Heide Hatry’s flowers triumphantly confuse categories, calling both artificiality and reality into question, as art should do. ...The process exposes our culture’s selfish disrespect for anything we can exploit, and to hell with the long term consequences. Lucy Lippard (writer, curator, activist)
Hatry's work, though it traffics in parts of non-human animals who were unjustly slain, and though it therefore partakes in the slaughter, has the decency to be beautiful, and to memorialize the slaughter through recontextualization... But beauty is one kind of dignity, for the lost, and it gives us a chance to remember them. Hatry's determination and ambition to be beautiful nearly remediates the injustice. Rick Moody (writer, musician)
Flowers are the most striking and banal creatures of our hapless reality. Heide Hatry’s reimaginings free these potted blossoms from the prison of charm, pushing us into a realm where we question our relationship with beauty, animals, and dinner. Not a Rose solidifies Hatry’s place as one of our best conceptual artists. David Streitfeld (journalist, New York Times)
Not a Rose is an extraordinary volume, a work of conceptual art under the aspect of book, at once subtly undermining our notion of the meaning of beauty and amplifying the sphere in which we locate it. I think it’s terrific. Annie Dillard (author)
Heide Hatry’s reconfiguration of animal flesh into flowers is a wonderful enactment of Buddhist philosophy. When the repulsive is also beautiful, then we have arrived at a place of wisdom that transcends our usual subjective prejudices. Stephen T. Asma (philosopher)
It is in these clashing layers of beauty and ugliness, desire and abject, life and death, so carefully woven together that these contemporary
fleurs du mal reveal their unique and enigmatic essence, one that brings us to question our approach to nature and its alleged beauty through the shattering of our certainties. Giovanni Aloi (editor of Antennae)
Nothing is actually as it seems to be… we are seduced by alchemical illusions. Hatry, the alchemist of forbidden transmutations creates photographs of exquisite, delicate flowers sculpted from repellant animal organs. Our perceptions are pulled asunder while the accompanying essays provide a history to deepen this remarkable compilation.

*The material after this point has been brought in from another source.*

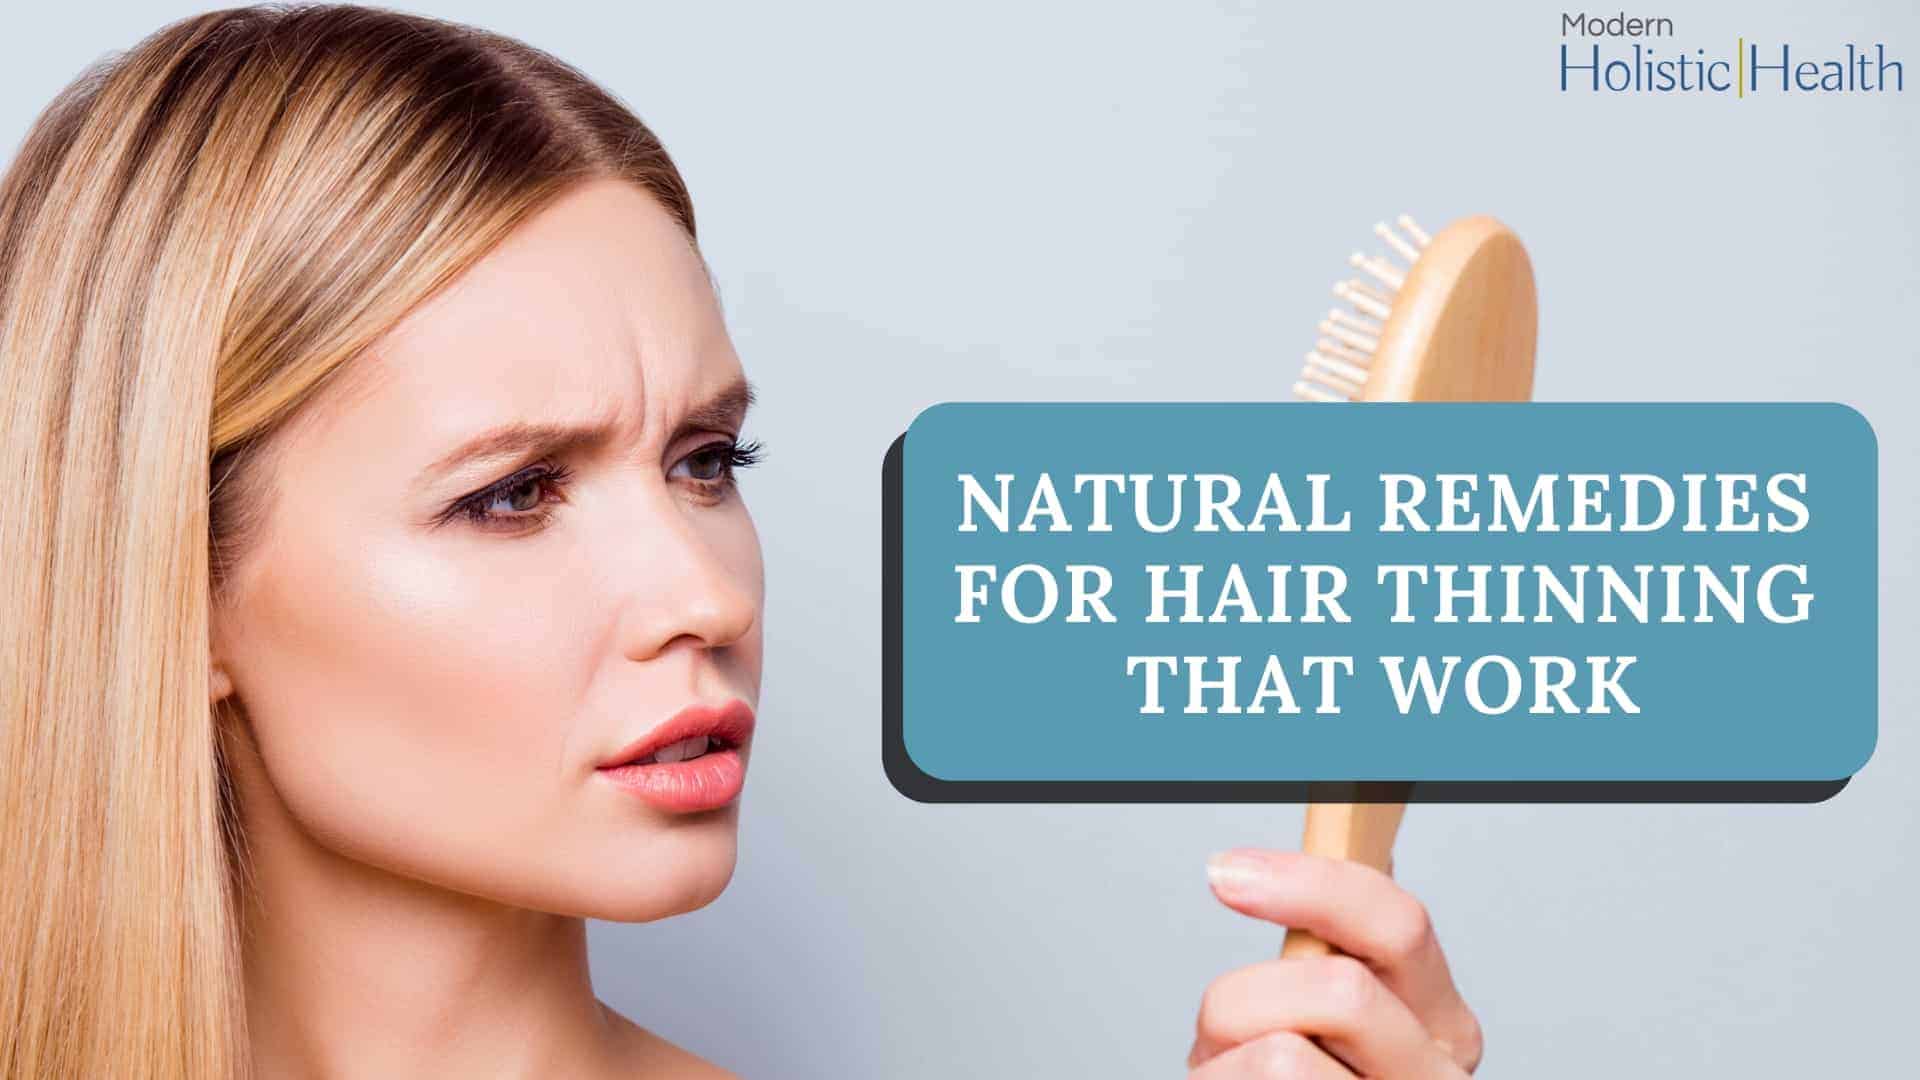 Natural Remedies for Hair Thinning That Work | Modern Holistic Health
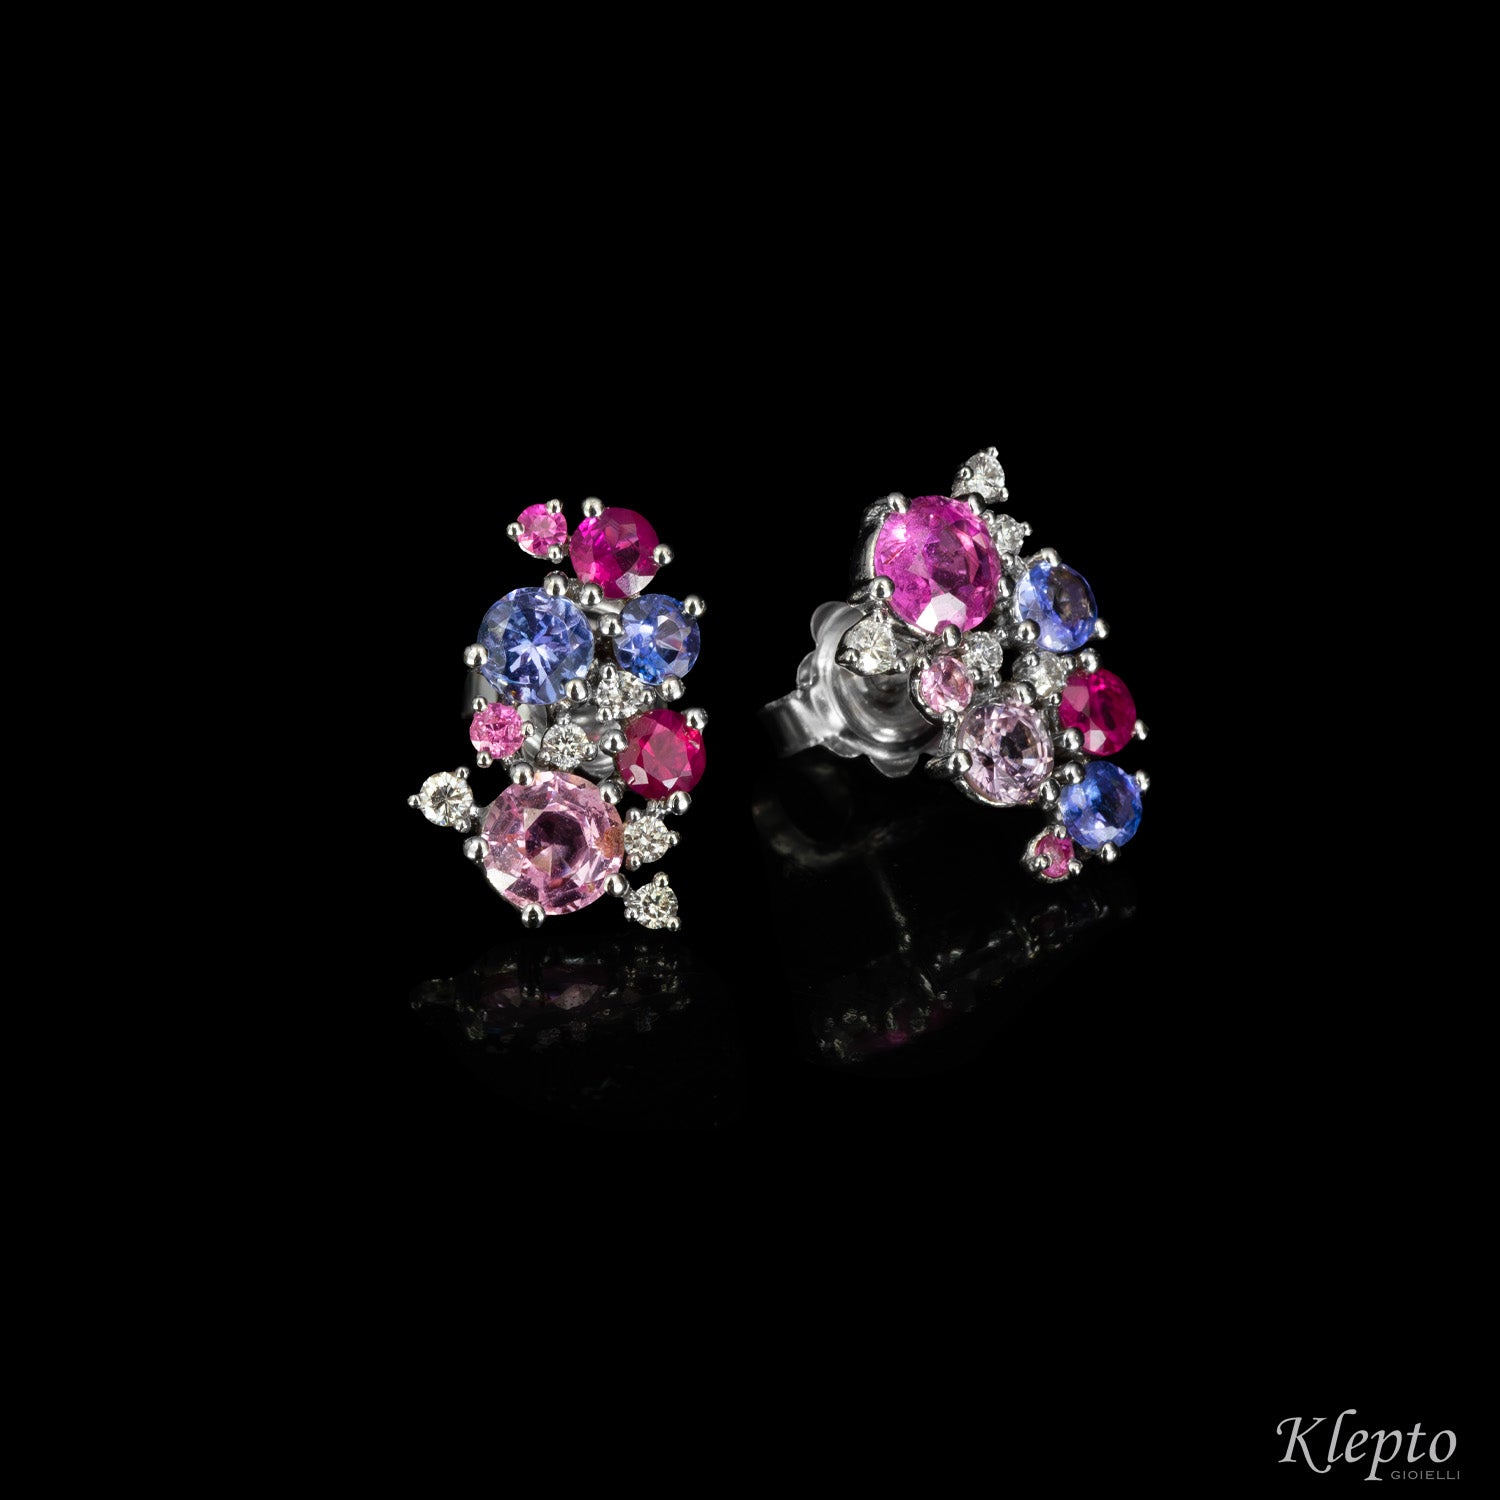 White gold lobe earrings with Sapphires, Rubies, Tanzanites and Diamonds

Carolee Schneemann (painter, performance artist)
Heide Hatry’s flowers bring to visibility and nameability this mixed body of death and delicacy, lust and loveliness commingling. ...In her corporeal punnings, her plays on ears, bellies, fingers and tongues, Heide Hatry hothouses this flowering of flesh into word and word into flesh. Steven Connor (writer, critic)
Hatry’s flowers, then, might be considered a modern vanitas, exposing the death that lies at the heart of our dreams of love, of beauty, and of life itself. Alex Mackintosh (PhD student)
Heide Hatry’s flowers can be fruitfully considered in the context of this semantic play with flowers and virginity. Her photographs parallel the works of Thomas Demand in that they double the mimetic process …they are the imitation of an imitation Her photographs encompass the similarity and the contiguity that link flowers and virginity. They literally give flesh to metaphor and metonymy. Jonas Grethlein (classical philologist)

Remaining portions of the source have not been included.